Так Николай и поженился с Татьяной. После более десяти лет знакомства и многочисленных ссор и расставаний. После неудачной женитьбы в США на русской студентке Катьке, нуждающейся в документах. 
Американская-русская Катька изменила Николаю, и у него на неё перестал стоять.
До разрыва отношений он полагал, что если бросит девушку по какой-либо причине, то этим разобьёт ей сердце. И для себя даже не помышлял изменять или как-то свинтить по-тихому. Любит или не любит он сам – это не имело решающего значения. Он исполнял роль во имя получения общего блага. А Катька-жена – за время его отсутствия по службе – не удержалась и отдалась во временное пользование другому. И когда Николай вернулся, то обнаружил плотное нестояние.
Играть в любовь при таком феномене физического сбоя обоим быстро наскучило и они развелись. Мирно, по-современному достойно.
Одно беда: парень думал, что «разобьёт ей сердце», а разбитым оказалось своё. Ведь именно своё понадобилось лечить, возвратившись в Москву – в пышные объятия несостоявшейся десять лет назад невесты! Напрочь позабыв о причине, из-за которой не сошлись – даже будучи куда более молодыми и глупо-романтичными!
Катюха же после разрыва, получив за счёт короткой романтизации студенческих отношений с Николаем легализацию в США, преспокойно сошлась с другим. Но позже рассорилась, поскольку этот другой не только пользовался её кошельком, будто личным банком с неограниченным кредитом, но и заразил её дурной болезнью. Душечка оказалась неожиданно обокраденной американским любовничком, от которого пришлось срочно сбегать. И ещё погашать его кредиты самой, поскольку возлюбленный покупал дорогие вещи на её кредитку.
Николаю было её жаль, но она уехала жить в другой город, и больше он о голубке ничего не знал.

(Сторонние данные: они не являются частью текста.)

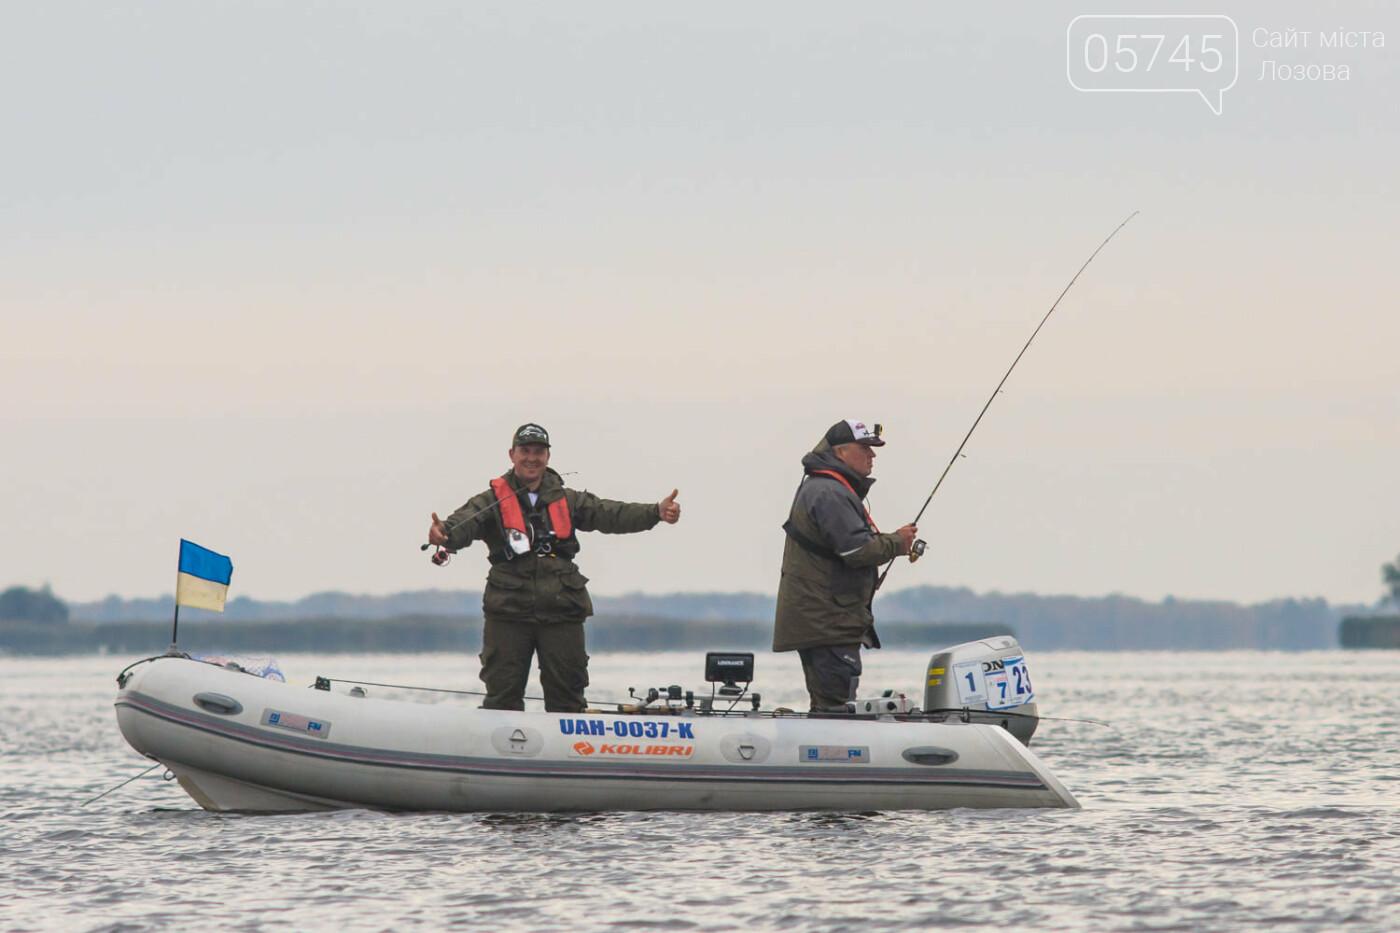 Рыболовы-спортсмены Лозовой заняли призовое место на Кубке Украины по ловле хищной рыбы, фото-12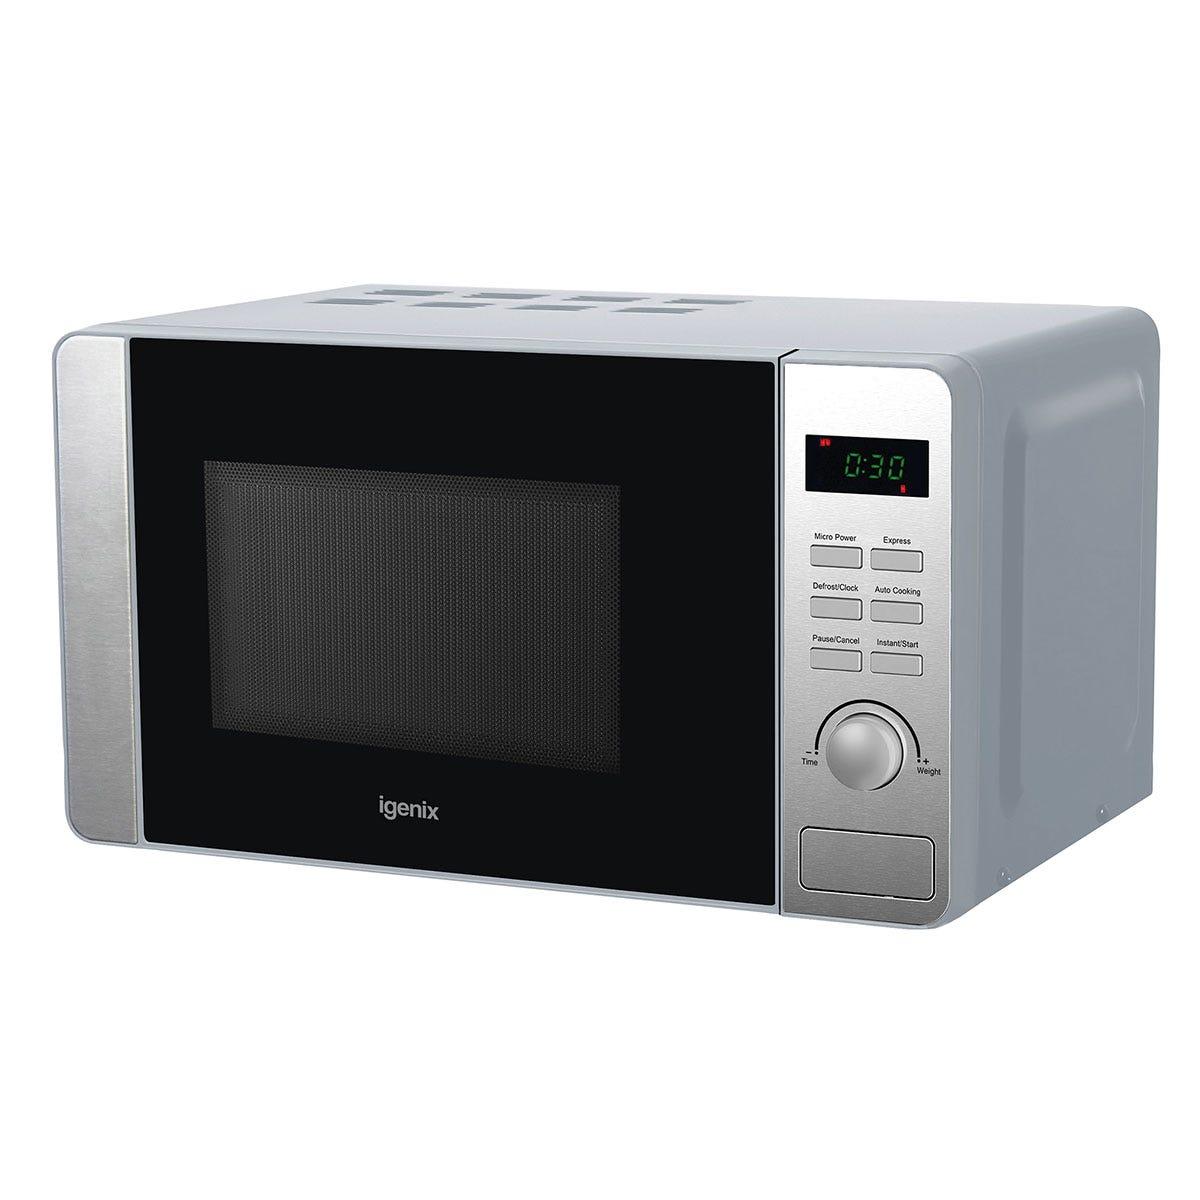 Igenix IG2086 800W Digital 20L Microwave - Stainless Steel

Так бывает. Кто-то заботится о чужом сердце потому, что слишком уж тайно-ранимое его собственное. Тогда все кажутся такими беззащитно-хрупкими, и нужно – в их пользу – пролить (самосохраняясь, чтобы не страдать будущим самоистязанием, конечно) чуточку своих денег, а если понадобится то и крови. Неосознанно – потому и приходится.
Вера в себя в очередной раз была подорвана, Николай снова вспомнил про московскую подругу юности. И, вернувшись в Россию, женился. После того, как был представлен отцу Татьяны – положительному, хорошо реализованному, помогающему, правда разведённому с её матерью – владельцу личного Туристического Агентства.
После знакомства с родителями и помощи в устройстве на работу, Коля почувствовал себя обязанным. Совесть дала о себе знать. И они – наконец-то – расписались официально.
С того момента всё так долго откладываемое «и пошло, и поехало».
   
А Татьяна – ей никак не удавалось выйти замуж. Для первого брака – барышня за тридцать – она уже нажила бабский комплекс неполноценности. С таким дефектом женщинам, не блещущим красотой и стройностью, совсем не просто найти пару. А ежели – какая красотка с внешними данными «от бедра» – так к тридцати это уже дважды разведёнка. Без комплексов, что называется... А что до Татьяны, так голубка вполне себе усиленно давила на избранников своим комплексом, и далеко не всеми это приветствуется. Другое дело Николай – человек с совестью, да ещё и раненый изменой. Потому и решился, наконец, через столько лет знакомства – помочь ей осуществить желаемое. Особенно его извинял тот факт, что сам он тоже имел очень существенный дефект – ведь он не мог бросить пить! А такой довесок в любовном гнёздышке тоже далеко не всеми принимается. Если у дамы нет своего равнозначного дефекта. И у Татьяны он был.
К тому же, благодаря женитьбе, Коля рассчитавал внедриться в среду благо-имущих, где имеют своё дело и материальные достижения.
Однако, расчёт его повернулся к Коле задом. Сбылось ровно то, о чём всего-то за год до события предрекала Колина мать. Она категорически протестовала против их отношений, молодым и жениться-то пришлось тайно.

-- Да я в порядке, – ответил Николай и с нескрываемым удивлением стал рассматривать бывшую подругу, обычно он такую прямоту себе не позволял. Невольное напряжение отражалось в его взгляде.
-- Не болит, зажило? – Она участливо, напоминая медсестру из сериала о скорой помощи, заглянула ему в лицо.
«Ищет следы страданий», – вяло подумал он. И не ответил. И снова погрузился в не то воспоминания, не то транс, который частенько испытывал в её компании, особенно среди её друзей. Когда они бывали у кого-то в гостях. Он тогда постоянно испытывал внутреннее отчуждение от них, впадая в какую-то мутность сознания.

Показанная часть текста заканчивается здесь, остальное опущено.